2. Has the statistical analysis been performed appropriately and rigorously?

Reviewer #1: No

Reviewer #2: Yes

**********

3. Have the authors made all data underlying the findings in their manuscript fully available?

The PLOS Data policy requires authors to make all data underlying the findings described in their manuscript fully available without restriction, with rare exception (please refer to the Data Availability Statement in the manuscript PDF file). The data should be provided as part of the manuscript or its supporting information, or deposited to a public repository. For example, in addition to summary statistics, the data points behind means, medians and variance measures should be available. If there are restrictions on publicly sharing data—e.g. participant privacy or use of data from a third party—those must be specified.

Reviewer #1: Yes

Reviewer #2: Yes

**********

4. Is the manuscript presented in an intelligible fashion and written in standard English?

PLOS ONE does not copyedit accepted manuscripts, so the language in submitted articles must be clear, correct, and unambiguous. Any typographical or grammatical errors should be corrected at revision, so please note any specific errors here.

Reviewer #1: Yes

Reviewer #2: Yes

**********

5. Review Comments to the Author

Please use the space provided to explain your answers to the questions above. You may also include additional comments for the author, including concerns about dual publication, research ethics, or publication ethics. (Please upload your review as an attachment if it exceeds 20,000 characters)

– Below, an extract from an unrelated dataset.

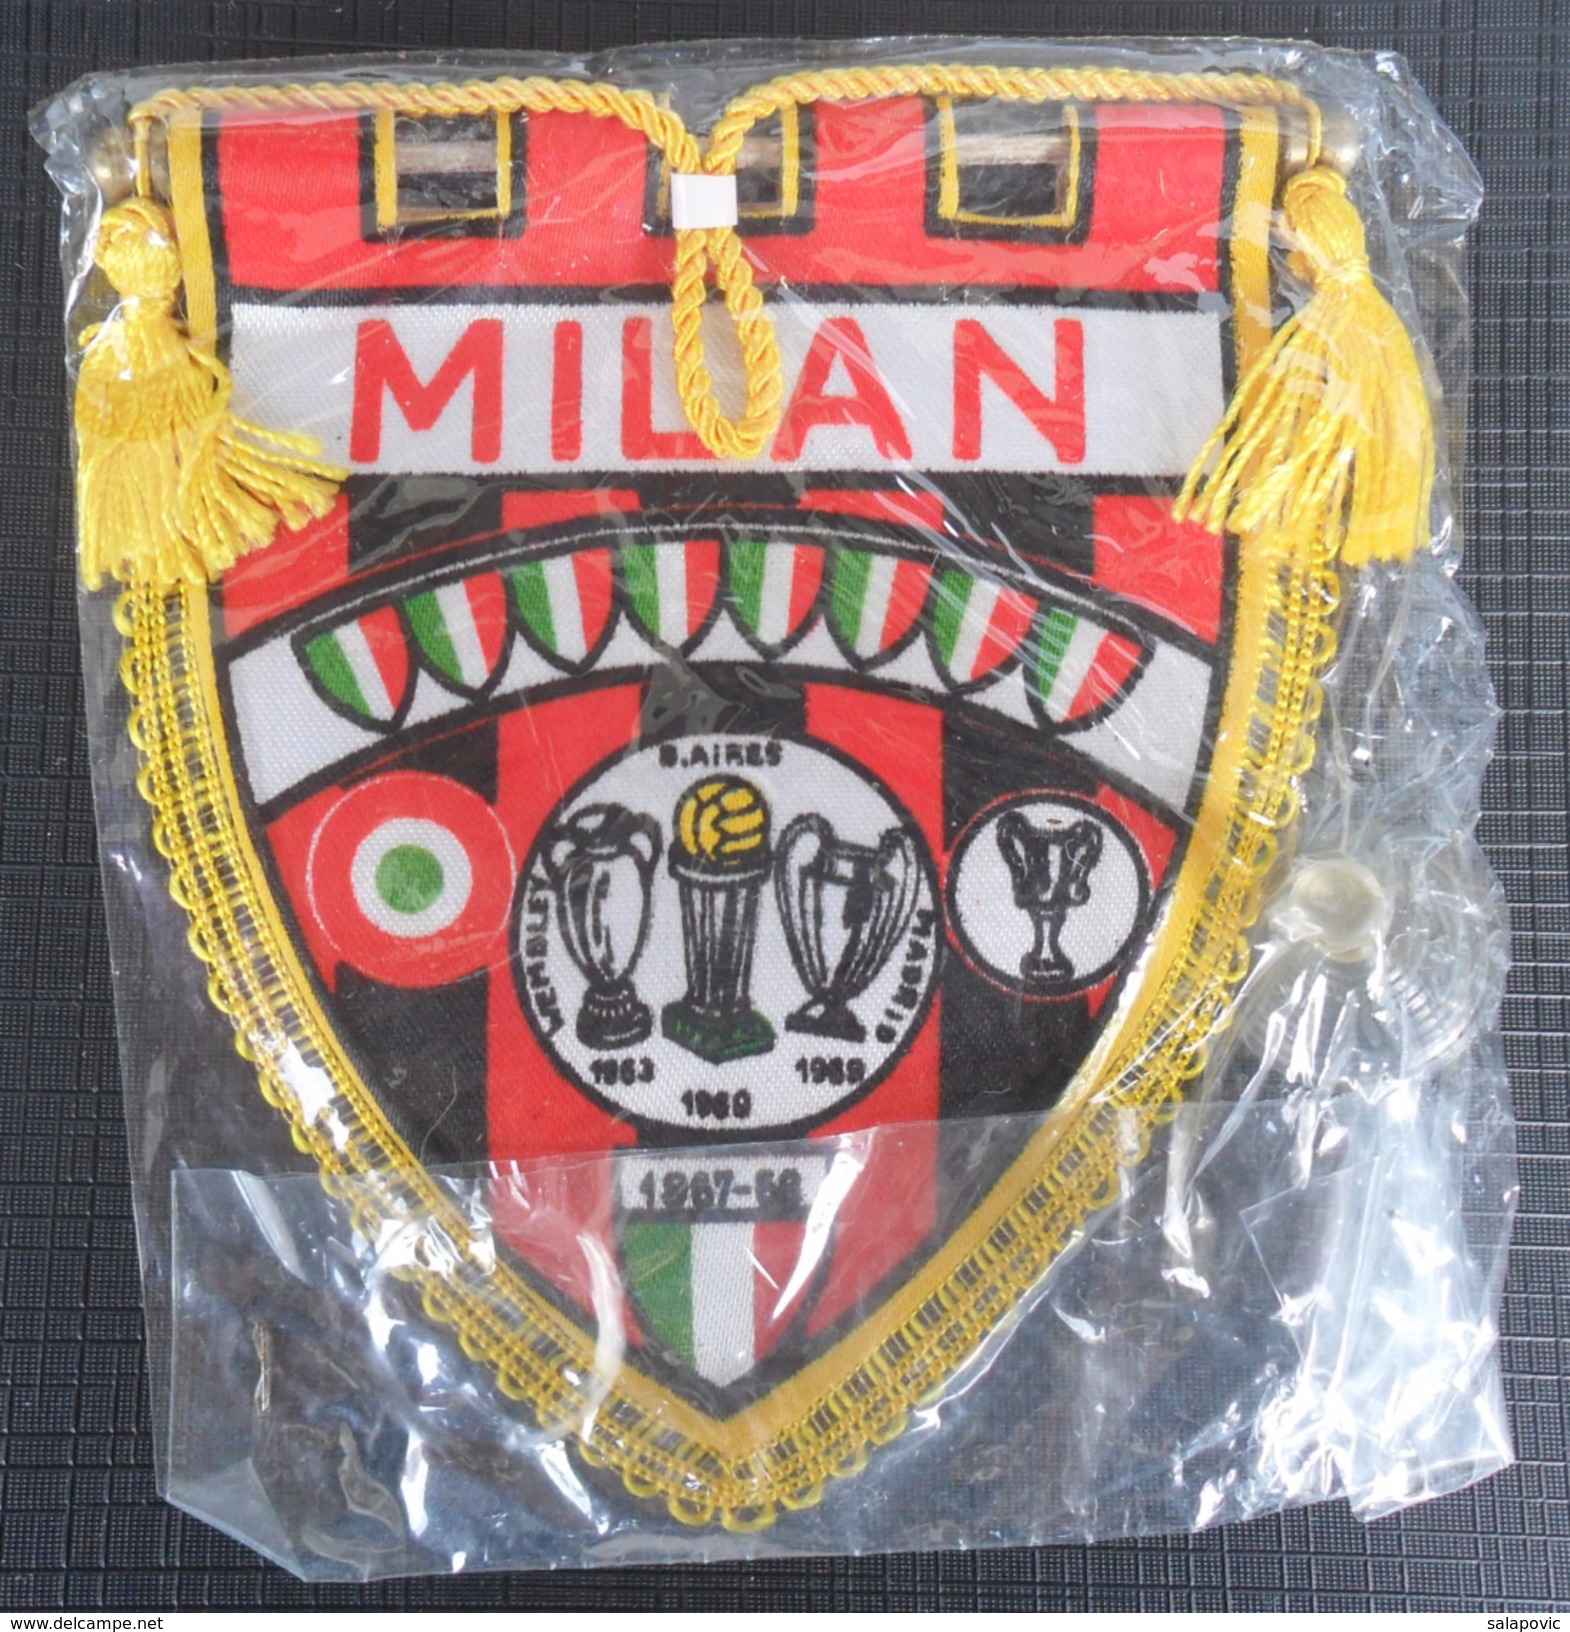 A.C. Milan, Milano  ITALY FOOTBALL CLUB CALCIO OLD PENNANT (not Banned) - Uniformes Recordatorios & Misc

Reviewer #1: The manuscript "StationRank:Aggregate dynamics of the Swiss railway" by Georg Anagnostopoulos and Vahid Moosavi presents a Markov Chain (MC) framework to analyse daily aggregated itineraries of the swiss railway systems. They use their MC framework to asses the congestion, resilience and fragility of the railway network.

I think that this framework is interesting. It is simple and does not require much computation power and allows one to draw interesting insights from the data. However, this manuscript is not fit for publication in its current state. My main issues are the following:

- The authors do not place this study in context. There are many existing tools for the analysis of public transportation that can be much more detailed (using agent-based model for example, as in [1]).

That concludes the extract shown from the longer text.